In "classical" or "cartoon" animation, you create the effect of scrolling by moving the peg bar that holds the background layer(s) in increments of millimetres. To animate the slowest scrolling, you move the bg one millimetre per frame(either 24 or 30 frames per second). To create the illusion of faster scrolling, you just move bg in larger and larger increments.
With film/animation cameras/software, you "shoot" every single frame to fill up every frame of film/video, but really, you're just shooting identically frames all the time. In a video game, it would be the equivalent of rendering fewer frames.
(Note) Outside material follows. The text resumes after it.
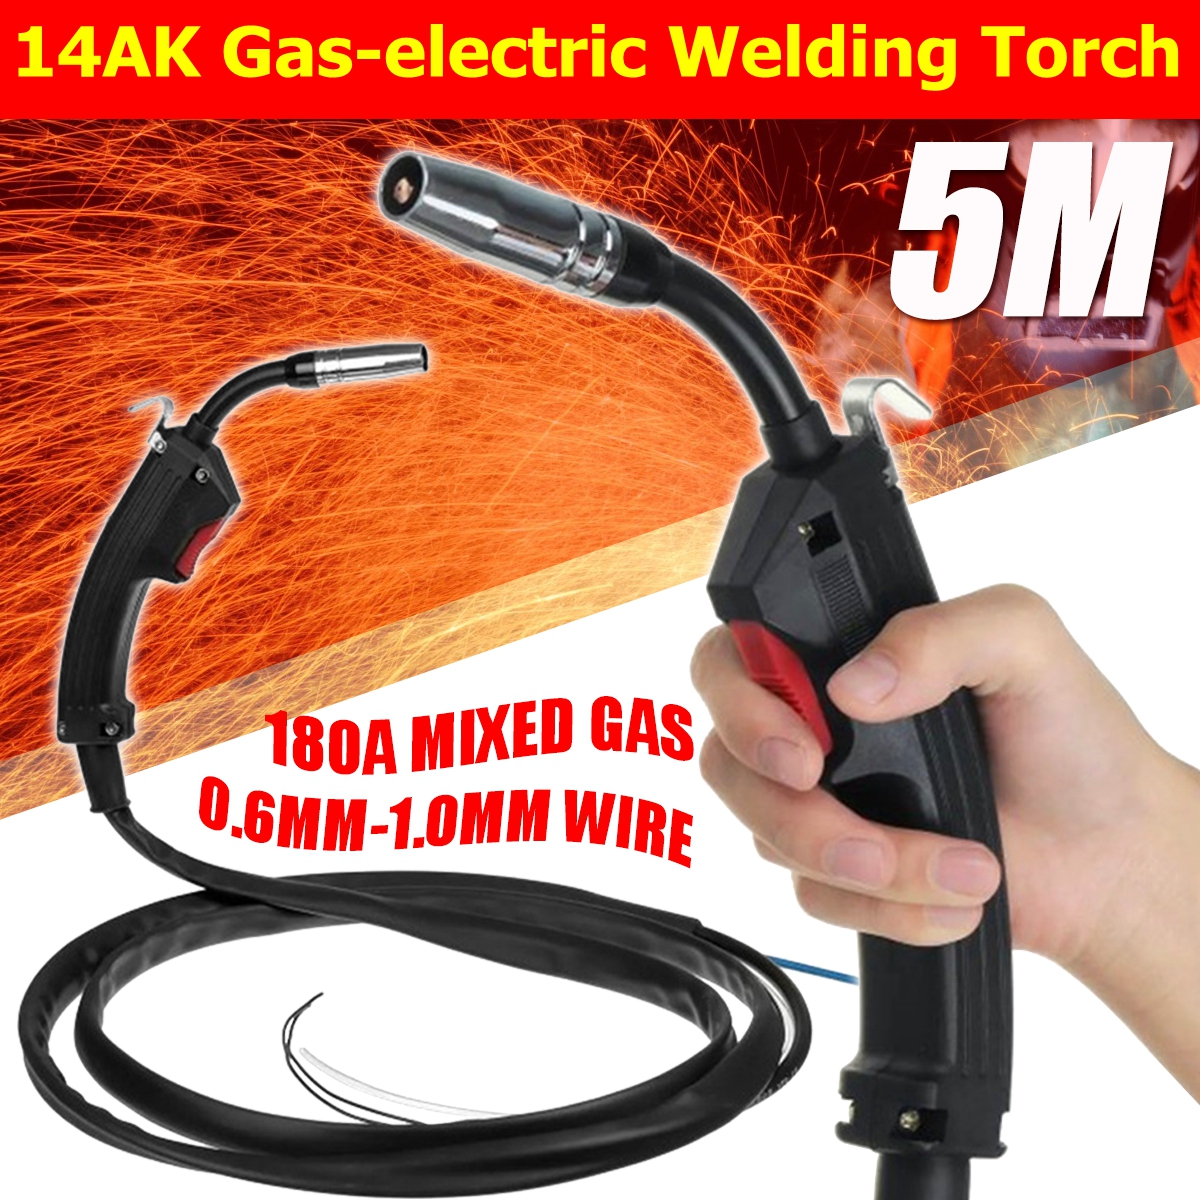 Practical-Gas-Welding-Torch-Air-Cooled-Welding-Torch-Replacement-For-MIG-MAG-Welding-Machine-1762073-1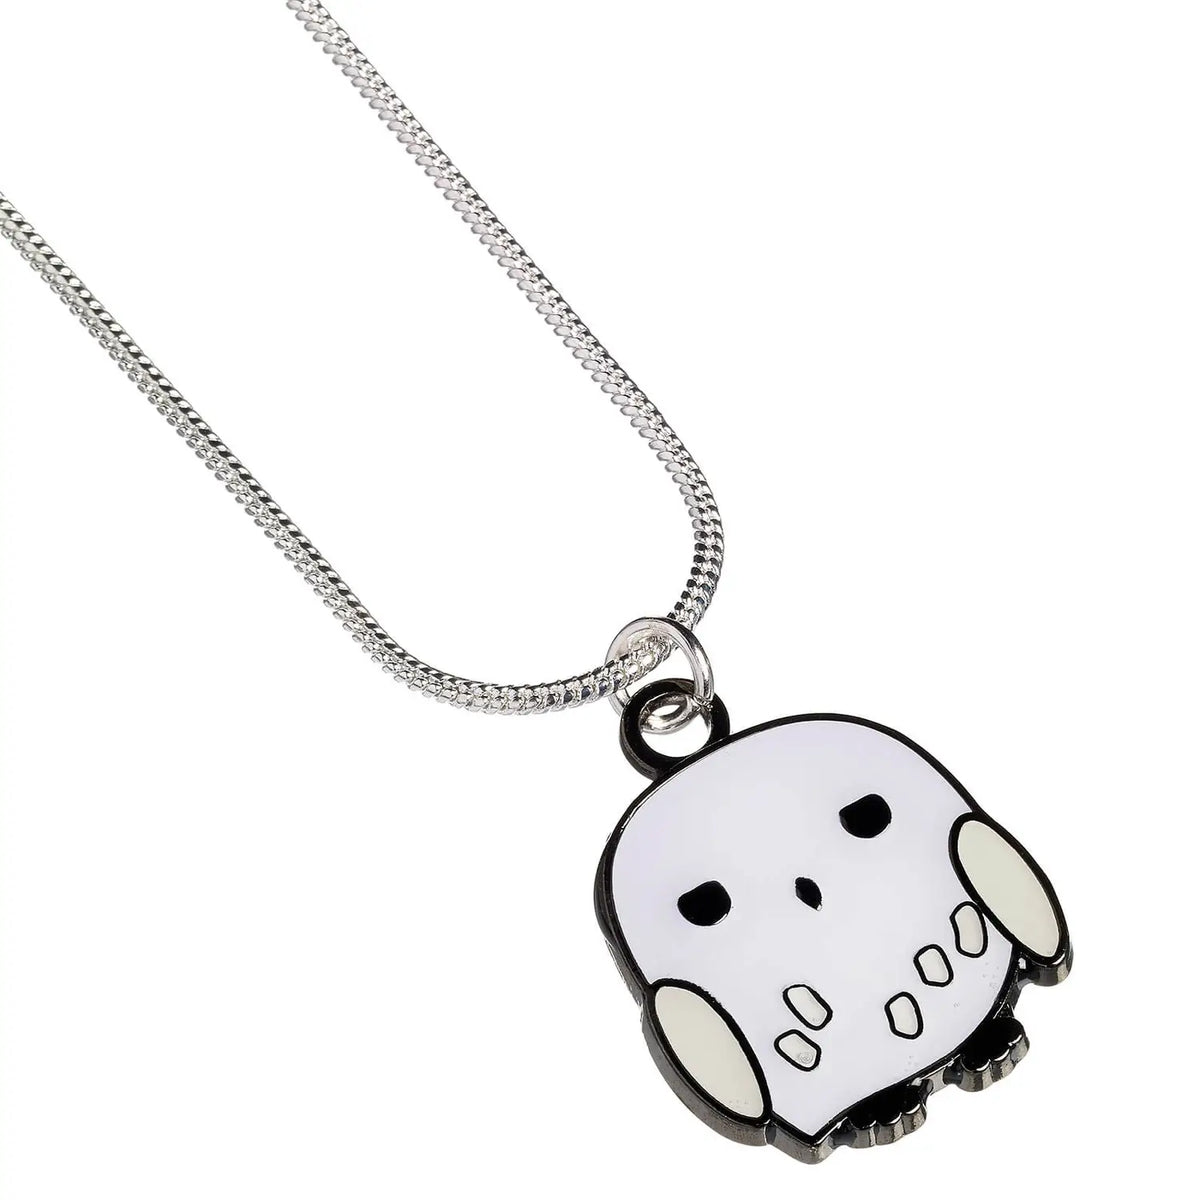 Chibi Hedwig Necklace from House of Spells

So in a 2D video game, aside from how collision is handled, theoretically speed should be is easier to produce visually than slowmotion, since it requires fewer frames per second. I assume that most games usually use built-in in scrolling routines that don't offer the flexibility of custom scrolling rates, which could contradict this.
If Sonic wasn't stuck in a consistant framerate, it could scroll much faster. But the faster a game moves the more gameplay is lost, aside from human response time, fewer frames per second of visuals equals fewer frames per second of gameplay/collision/control. Which is why AM2 was reluctant to allow online play for so long with the Virtua Fighter series and how they explain that it has tighter gameplay than any other series(the gameplay is actually calculated frame by frame).